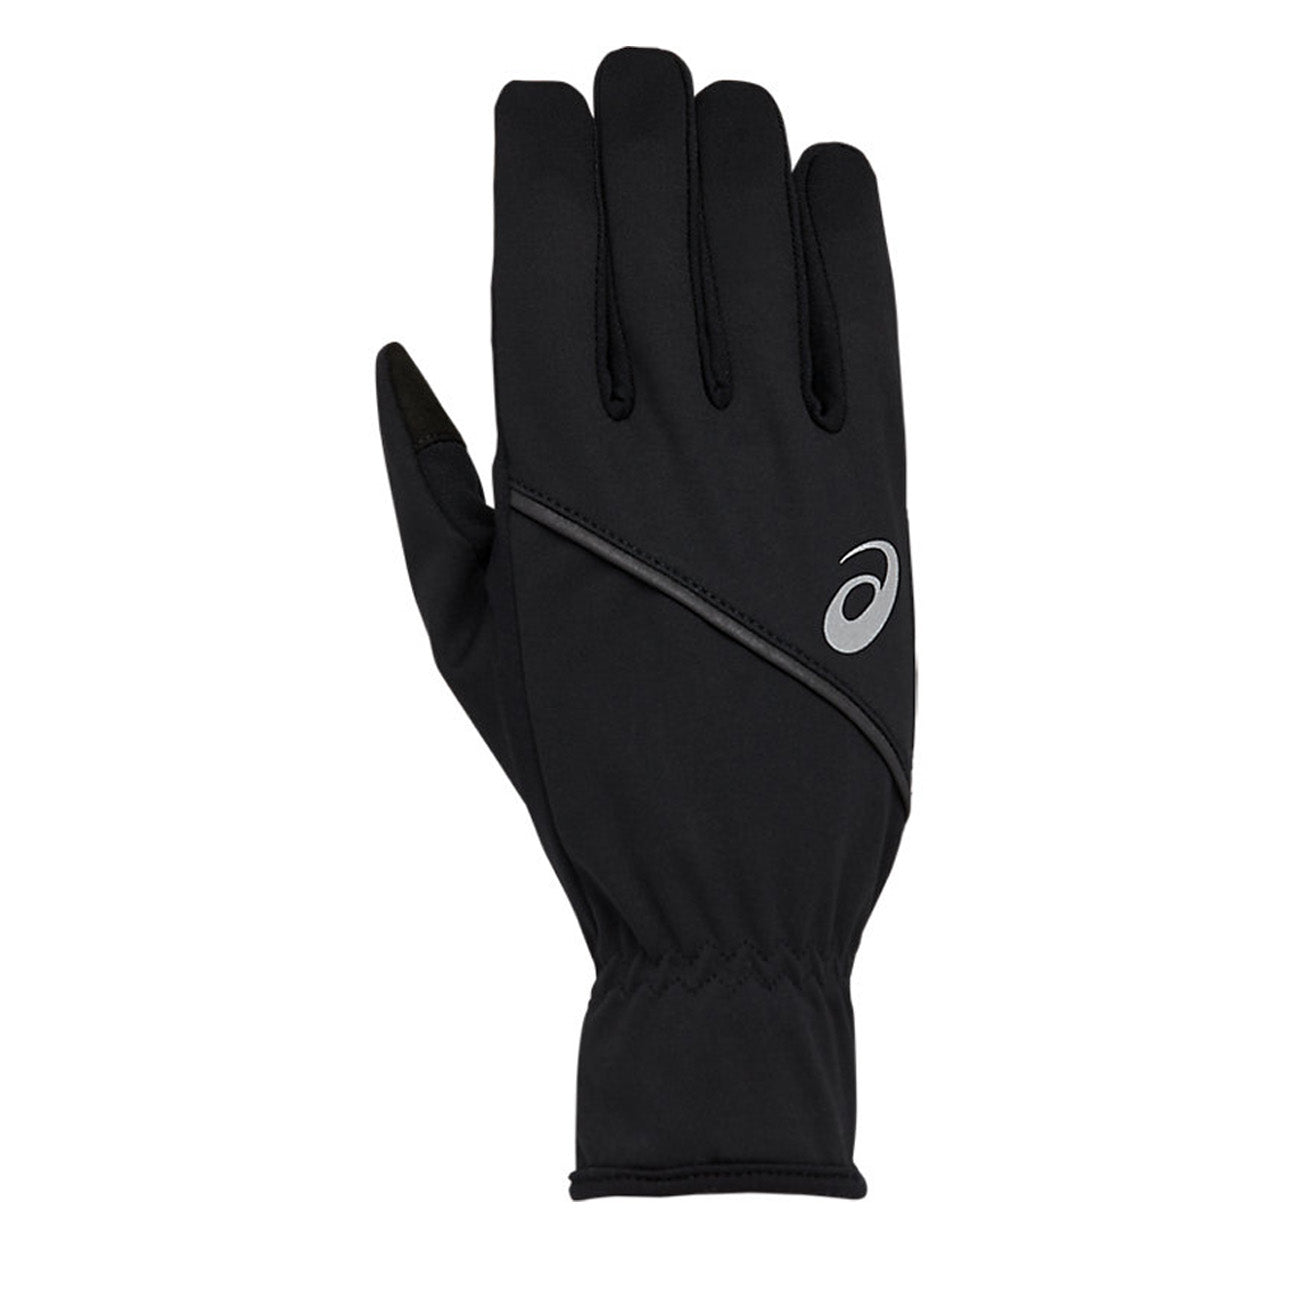 Gloves – Runster Thermal Asics Performance Black
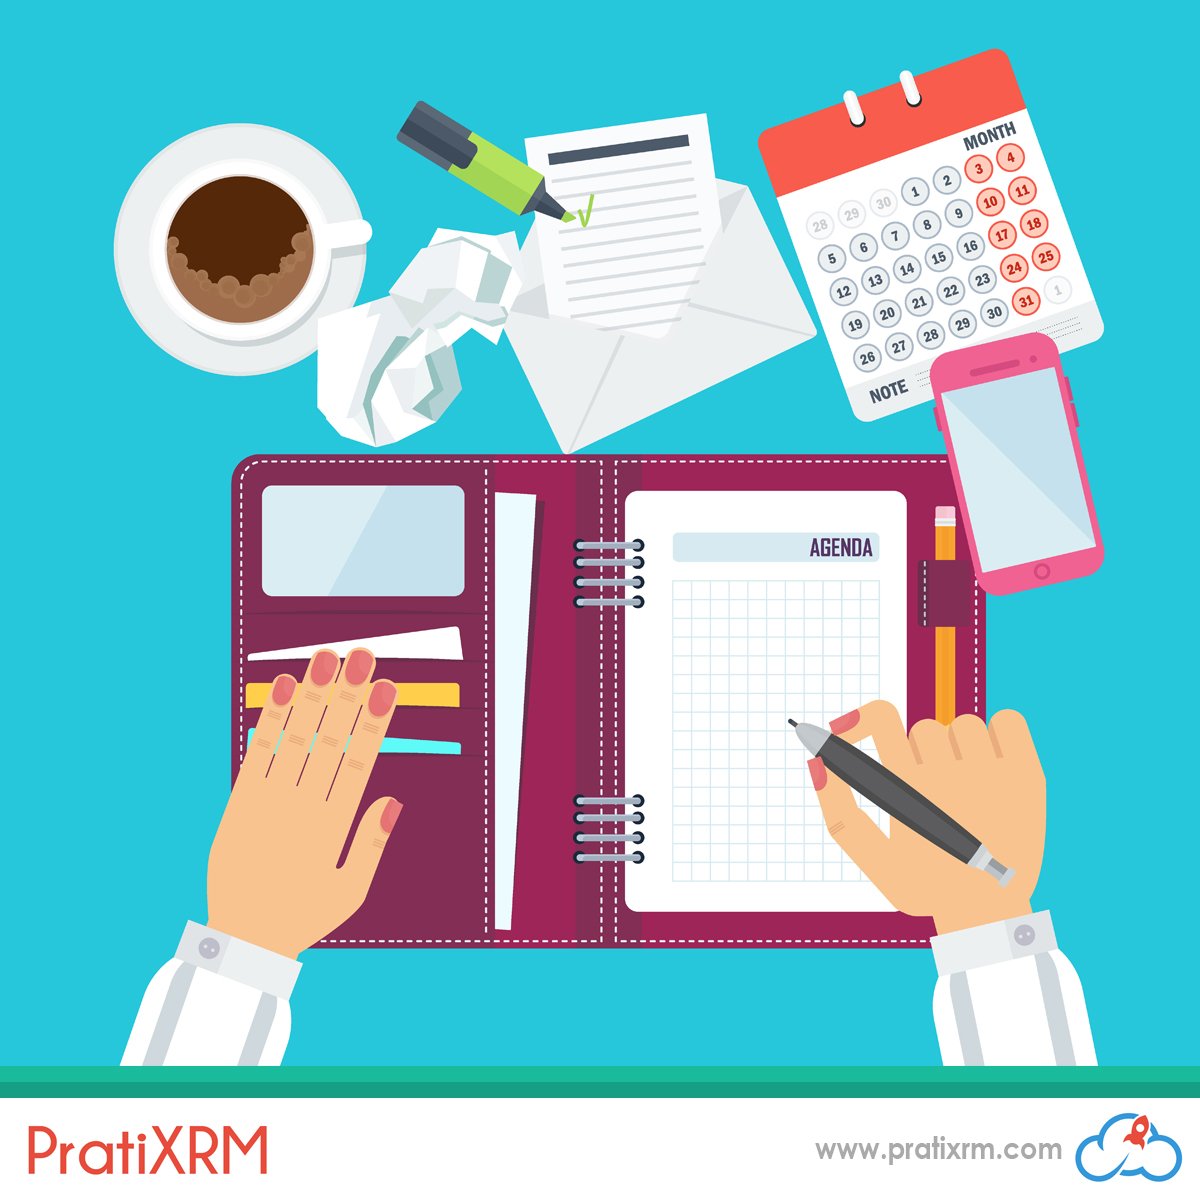 Online CRM Yazılımı PratiXRM kullanıcıları resimdeki objelere ihtiyaç duymazlar. pratixrm.com/online-randevu… #onlinecrm #sanalasistan
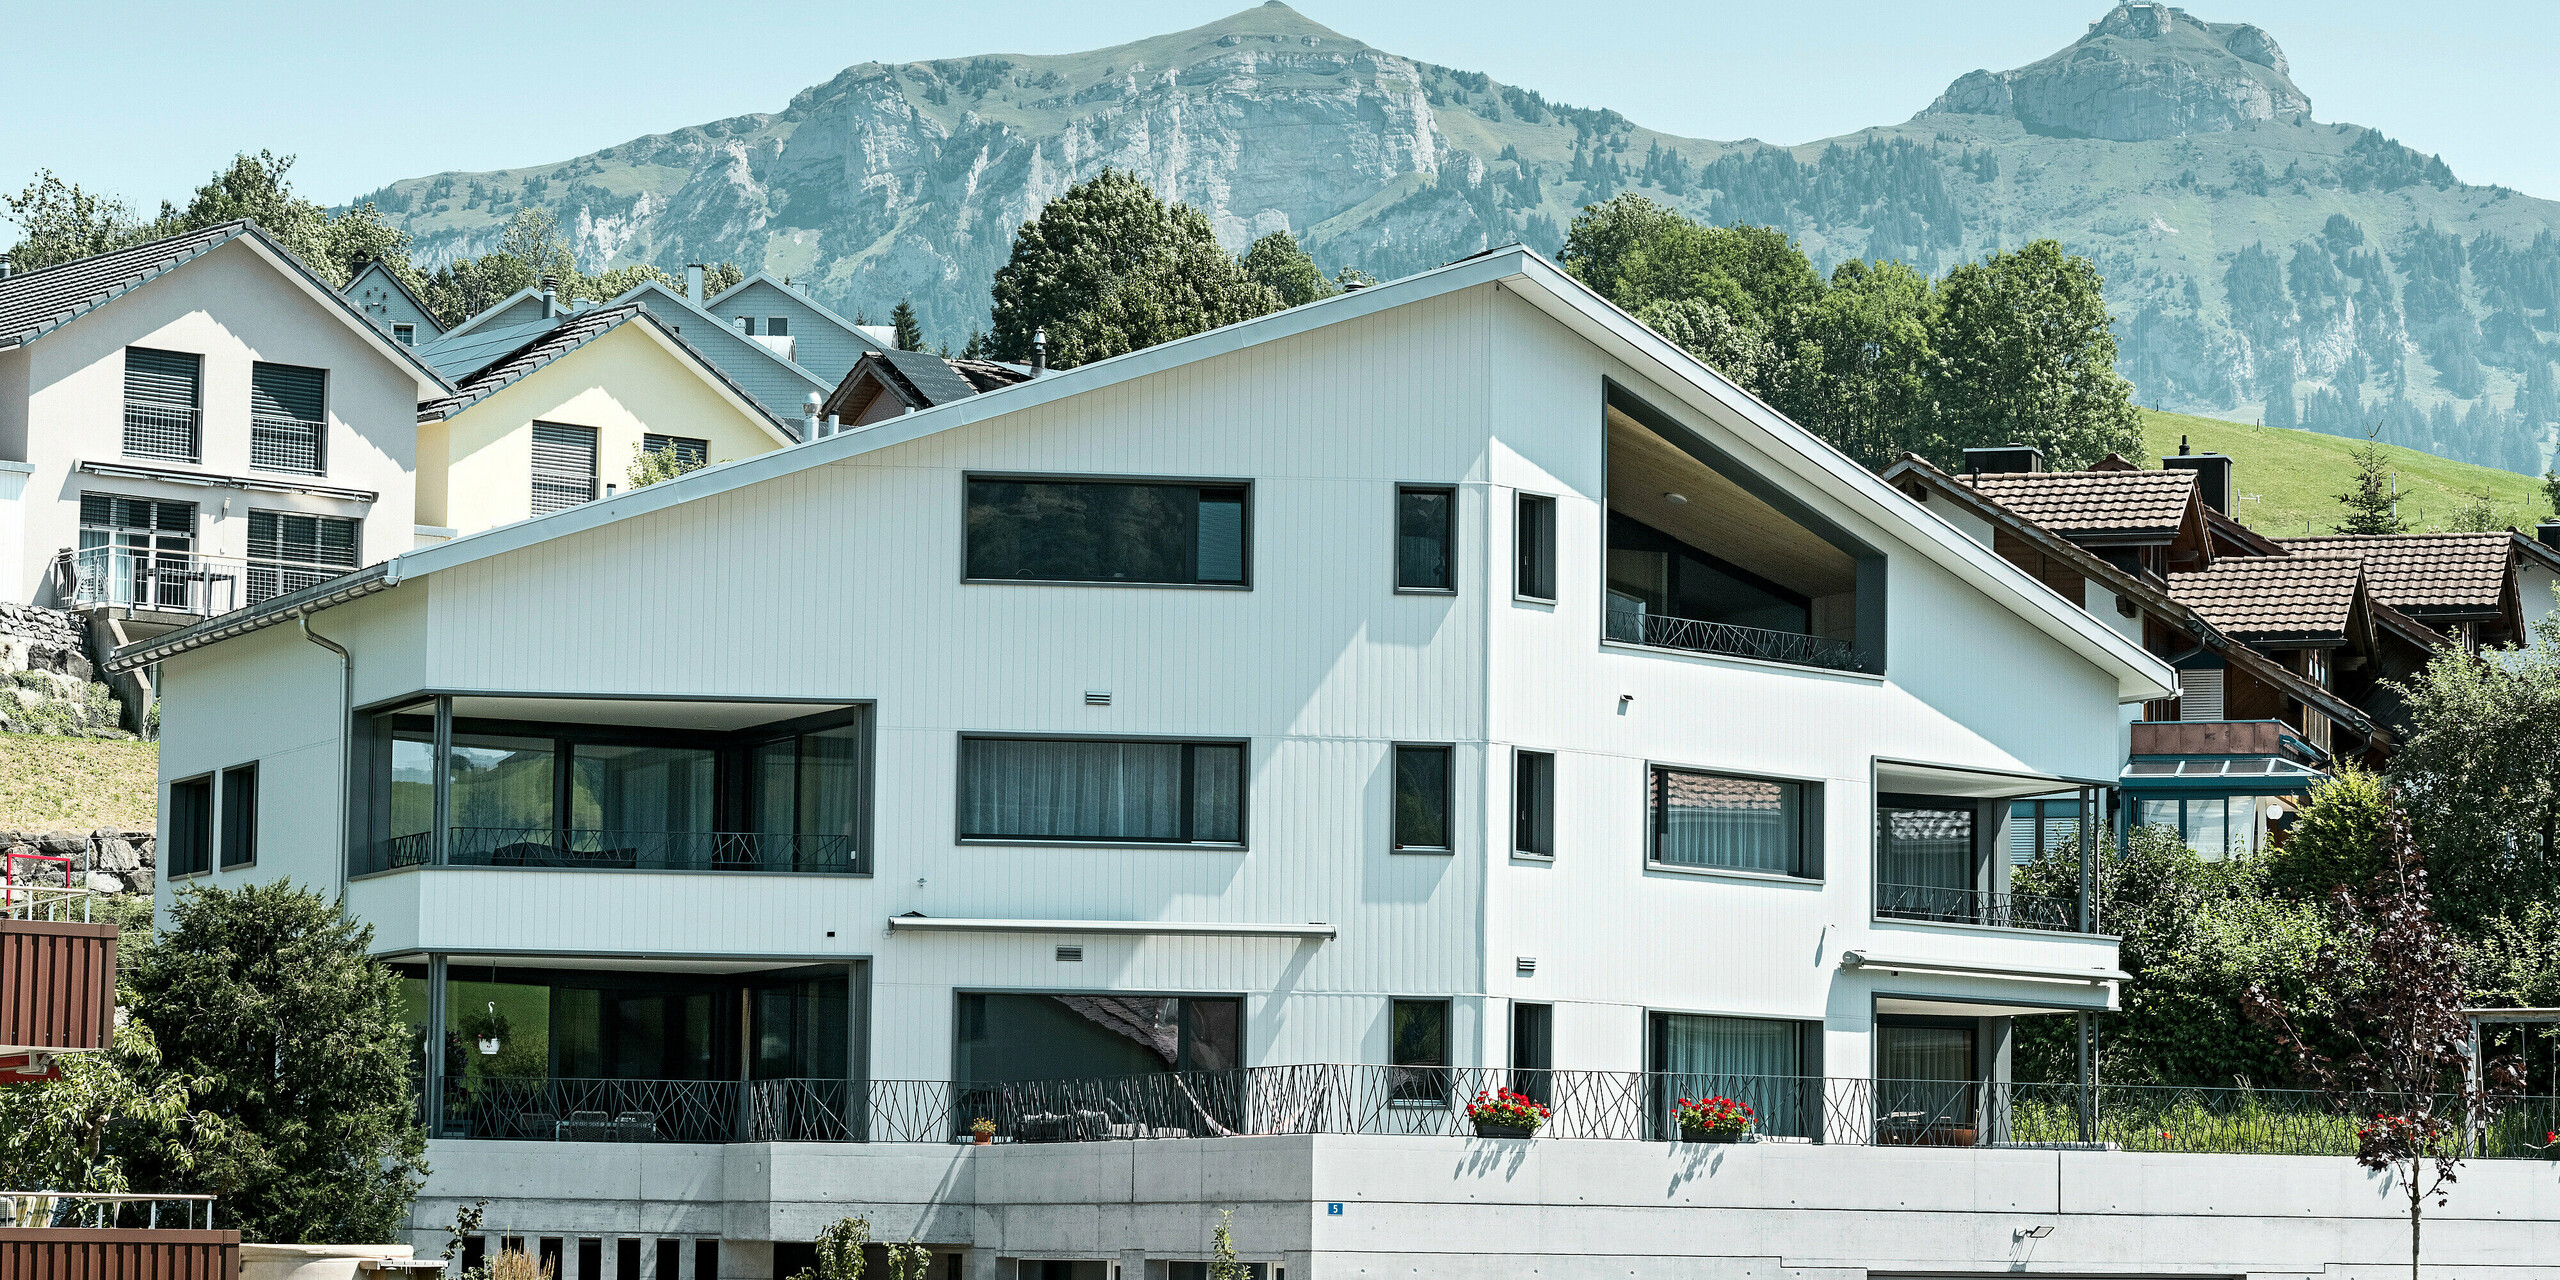 Sidings PREFA en gris pierre P.10 et blanc Prefa P.10 sur les façades de deux immeubles d'habitation voisins à Weissbad, en Suisse.

▶ **Work to complete**:
Send back every line above exactly, skipping all pictures.

▶ **Exercise result**:
 Gloves – Runster Thermal Asics Performance Black
 Online CRM Yazılımı PratiXRM kullanıcıları resimdeki objelere ihtiyaç duymazlar. pratixrm.com/online-randevu… #onlinecrm #sanalasistan
 Sidings PREFA en gris pierre P.10 et blanc Prefa P.10 sur les façades de deux immeubles d'habitation voisins à Weissbad, en Suisse.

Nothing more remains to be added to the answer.